Data segment
++++++++

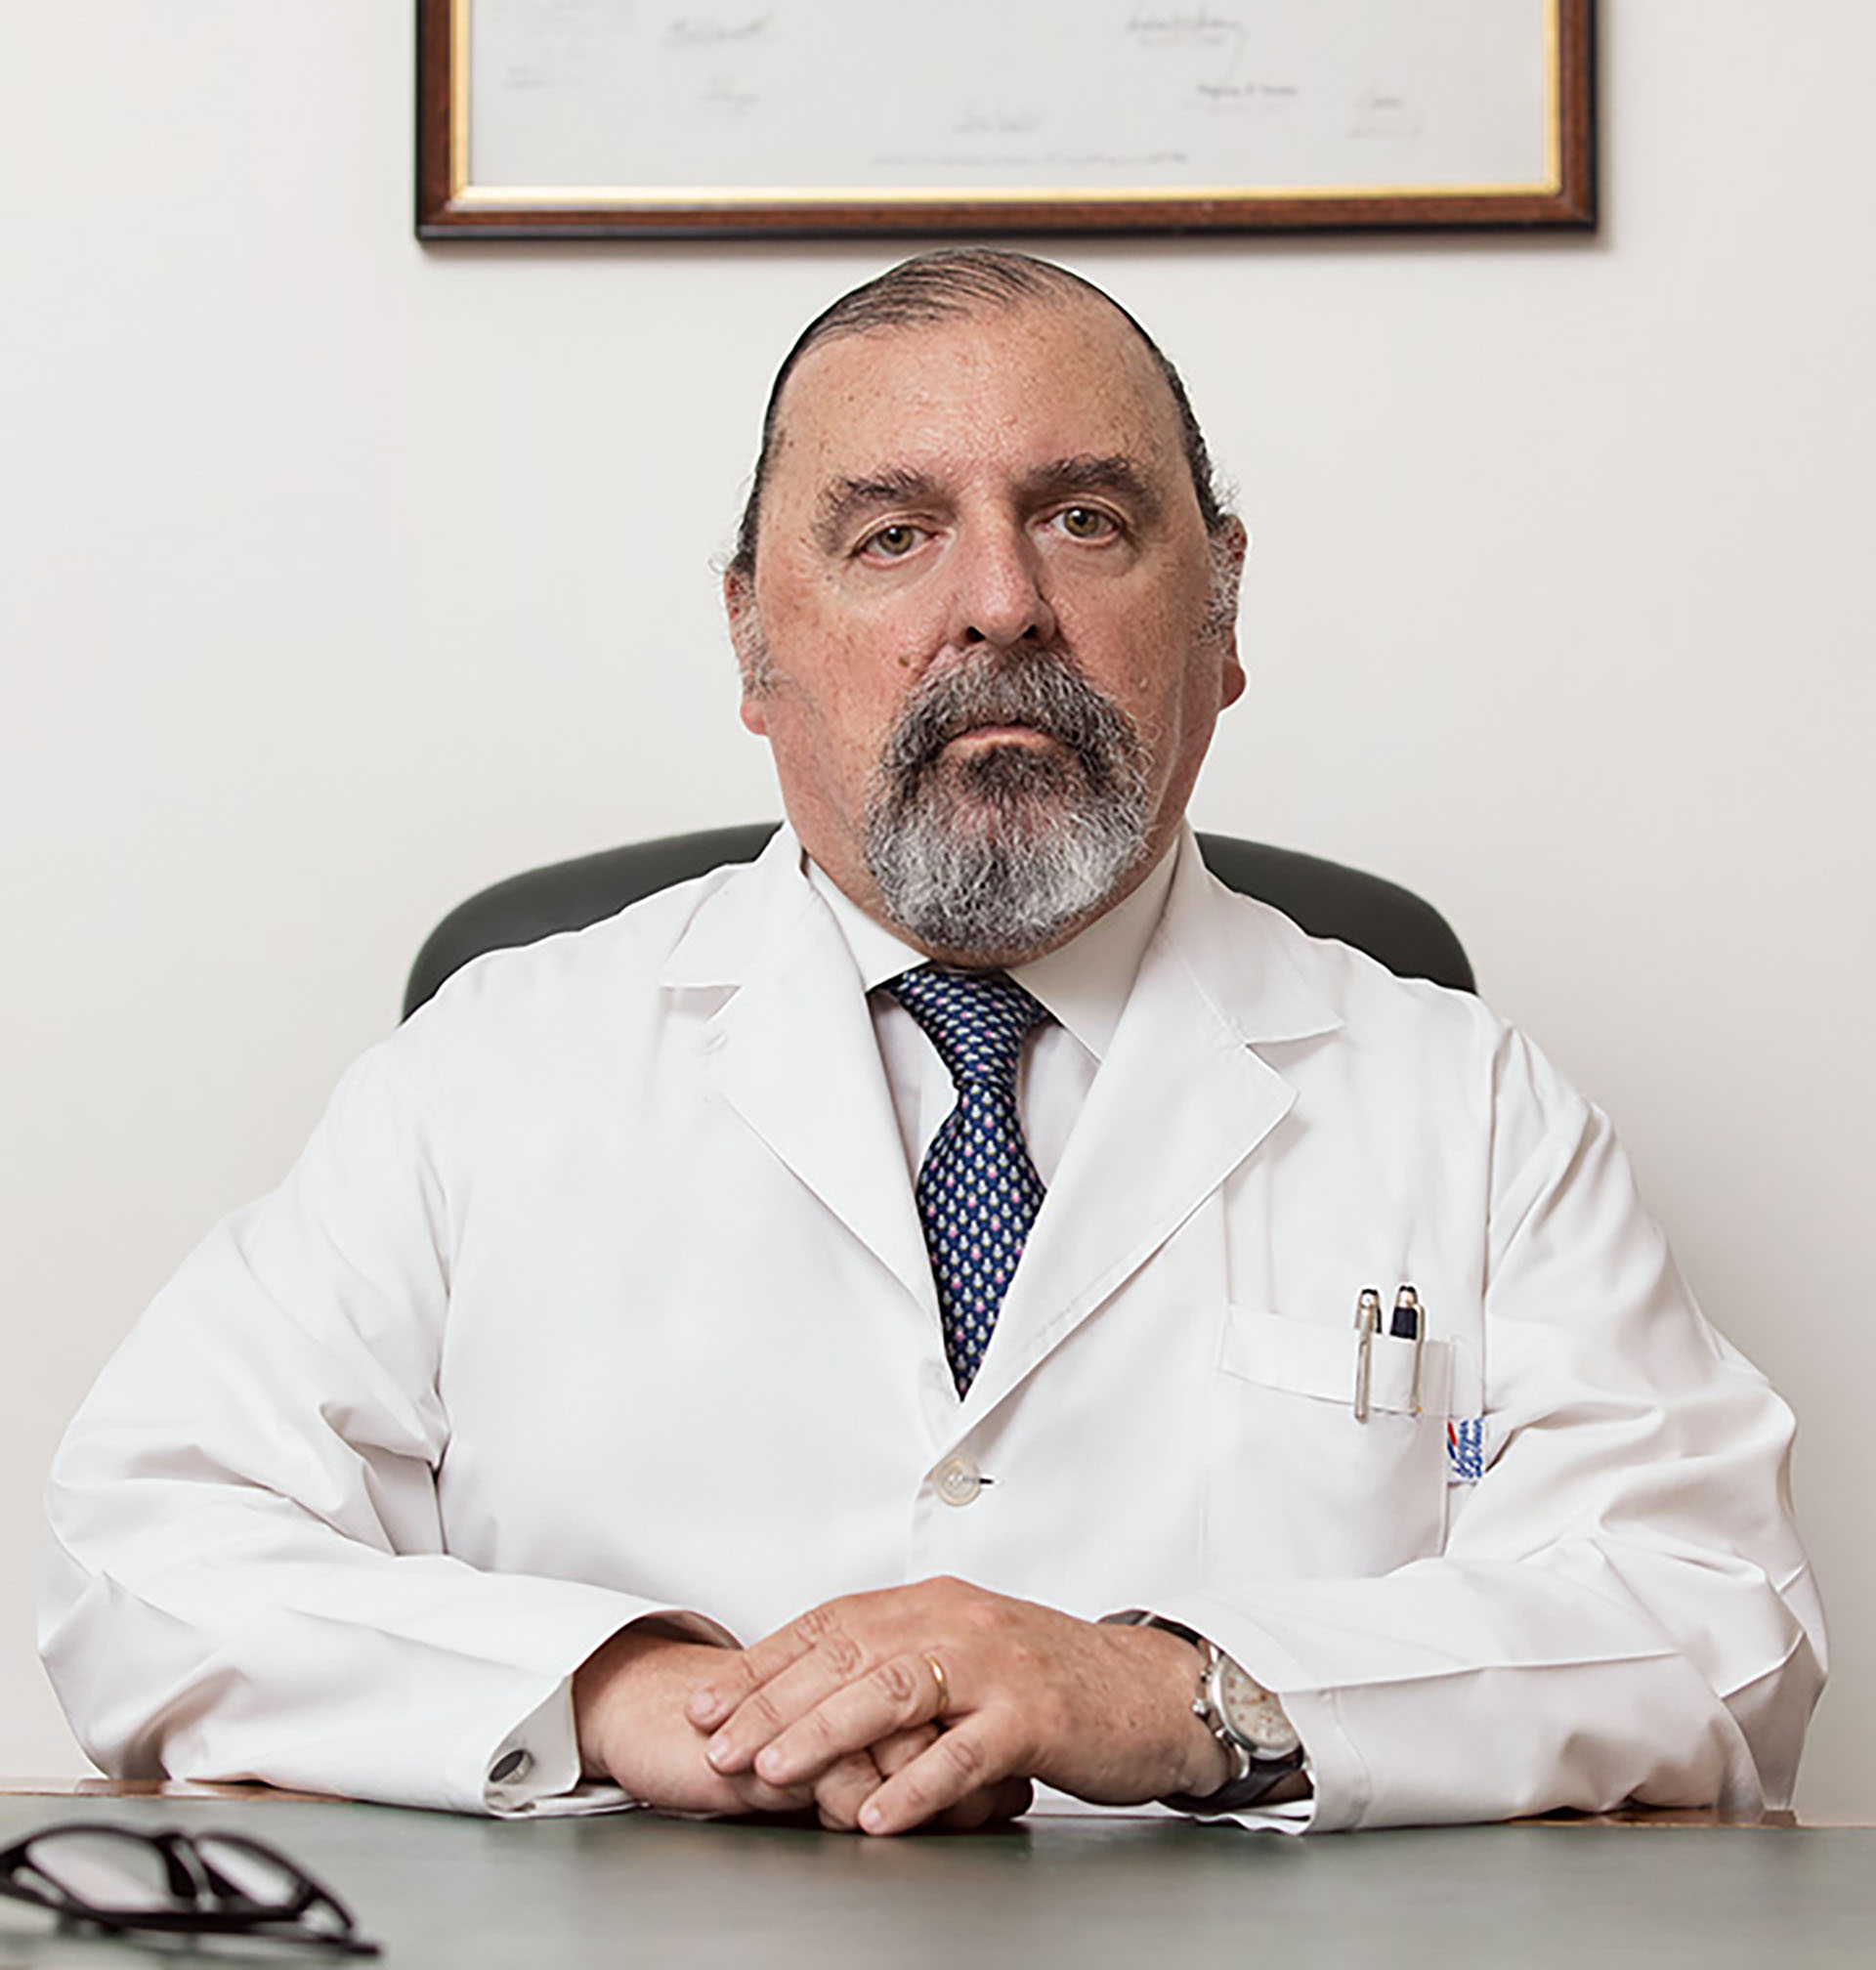 Ramiro Quintana es el primer autor del trabajo que recibió la distinción de la Academia Nacional de Medicina. Es ex vicepresidente de la Sociedad de Medicina Reproductiva, director de Quintana Salud Reproductiva, está a cargo del Departamento de Oncofertilidad de Procrearte y es ex director médico del IFER. 
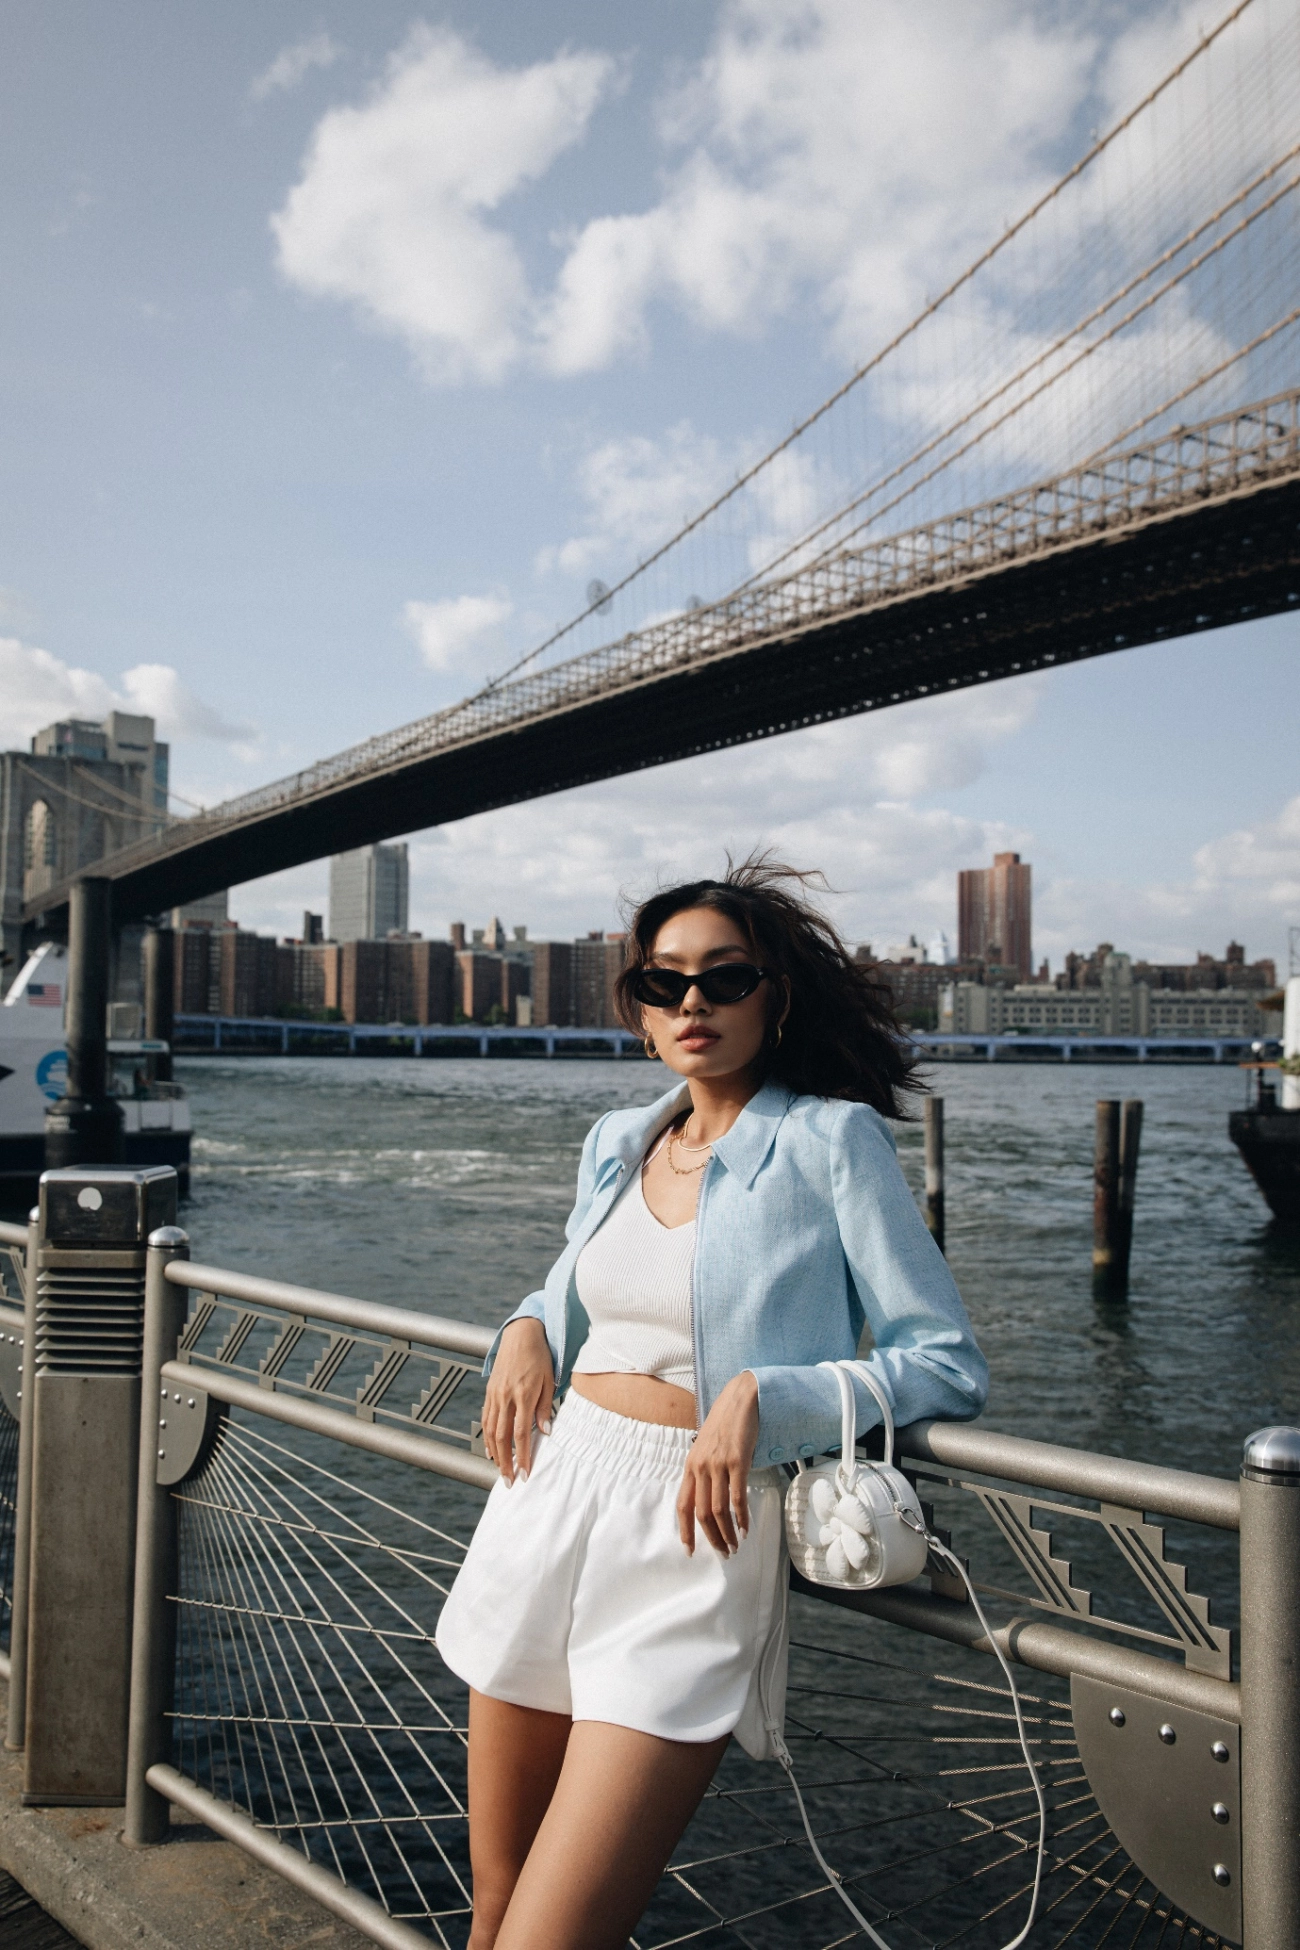 Thảo nhi lê linh ka suzana renaud mang thời trang việt đến trời tây hậu new york fashion week - 3
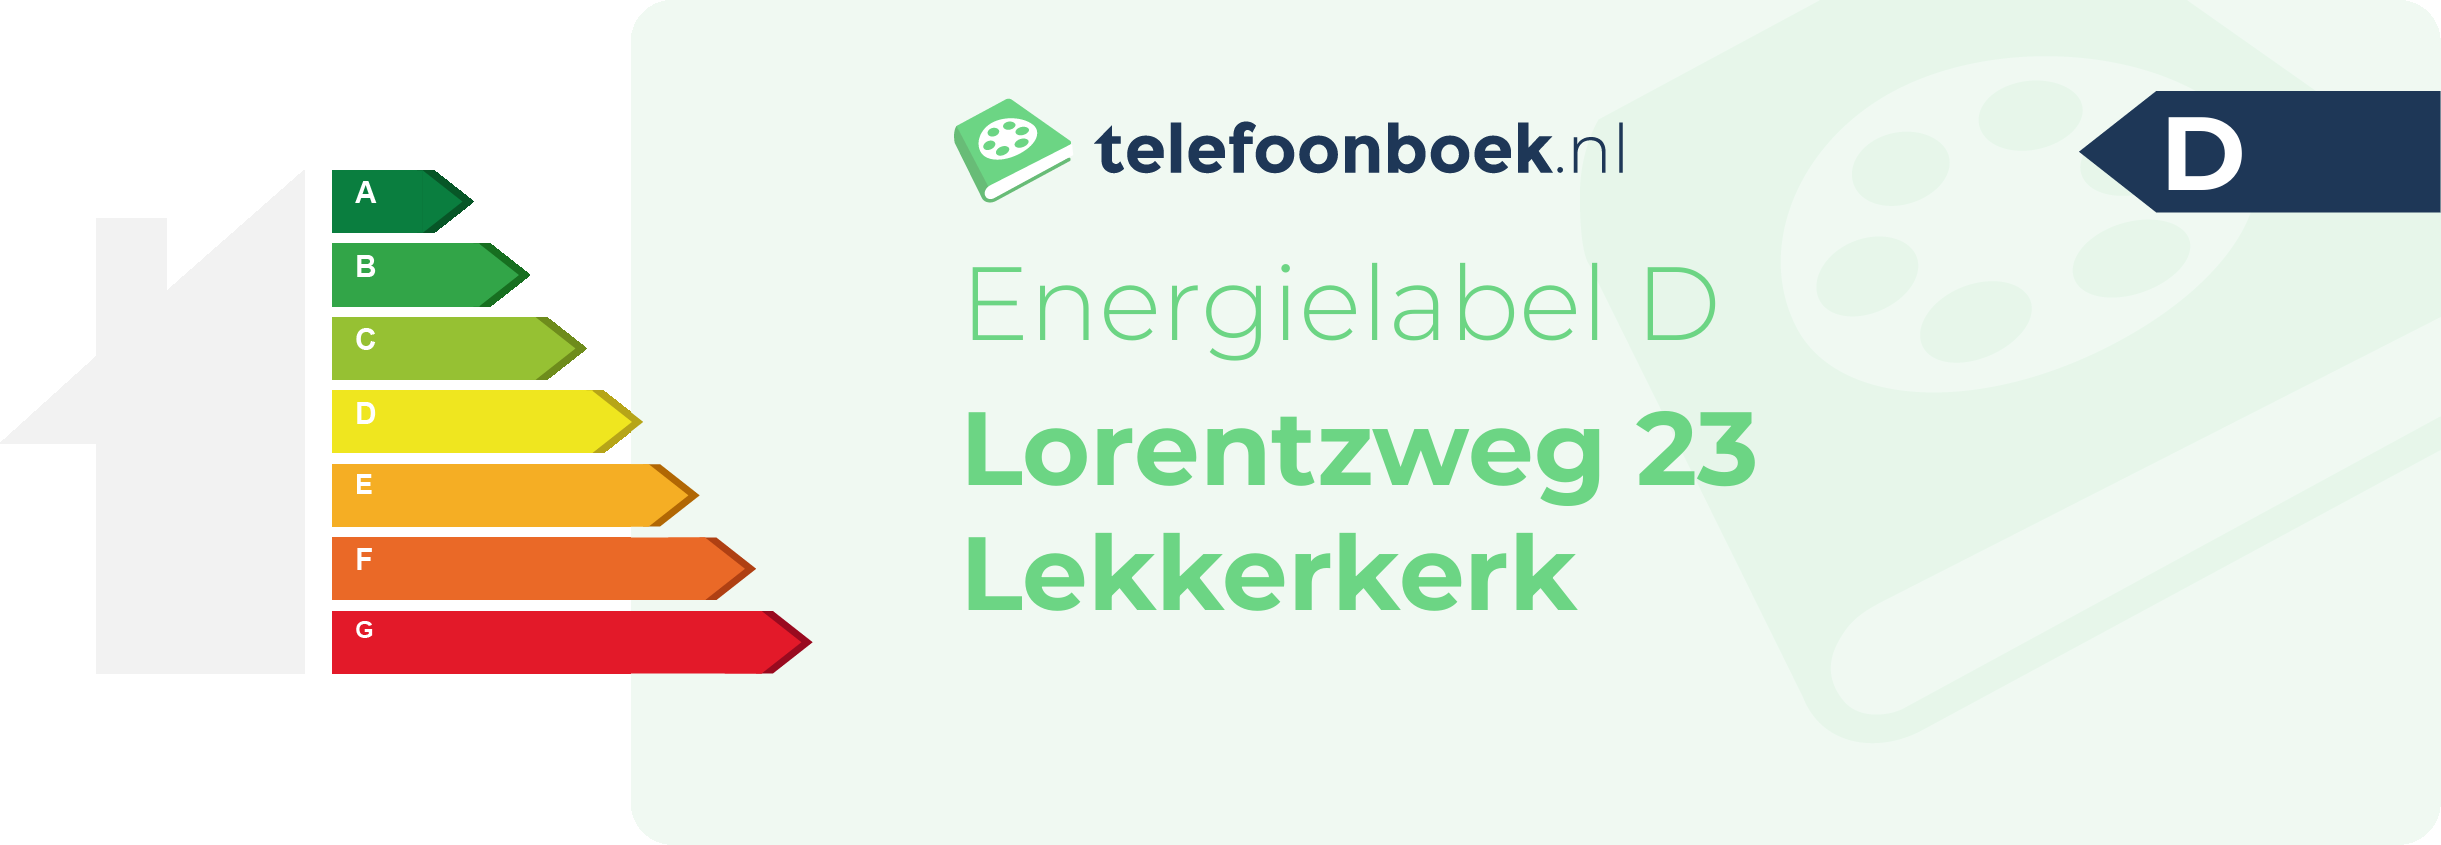 Energielabel Lorentzweg 23 Lekkerkerk

++++++++

Work item
The whole listing above needs to be copied exactly; please keep the pictures out.

Written solution
 Ramiro Quintana es el primer autor del trabajo que recibió la distinción de la Academia Nacional de Medicina. Es ex vicepresidente de la Sociedad de Medicina Reproductiva, director de Quintana Salud Reproductiva, está a cargo del Departamento de Oncofertilidad de Procrearte y es ex director médico del IFER. 
 Thảo nhi lê linh ka suzana renaud mang thời trang việt đến trời tây hậu new york fashion week - 3
 Energielabel Lorentzweg 23 Lekkerkerk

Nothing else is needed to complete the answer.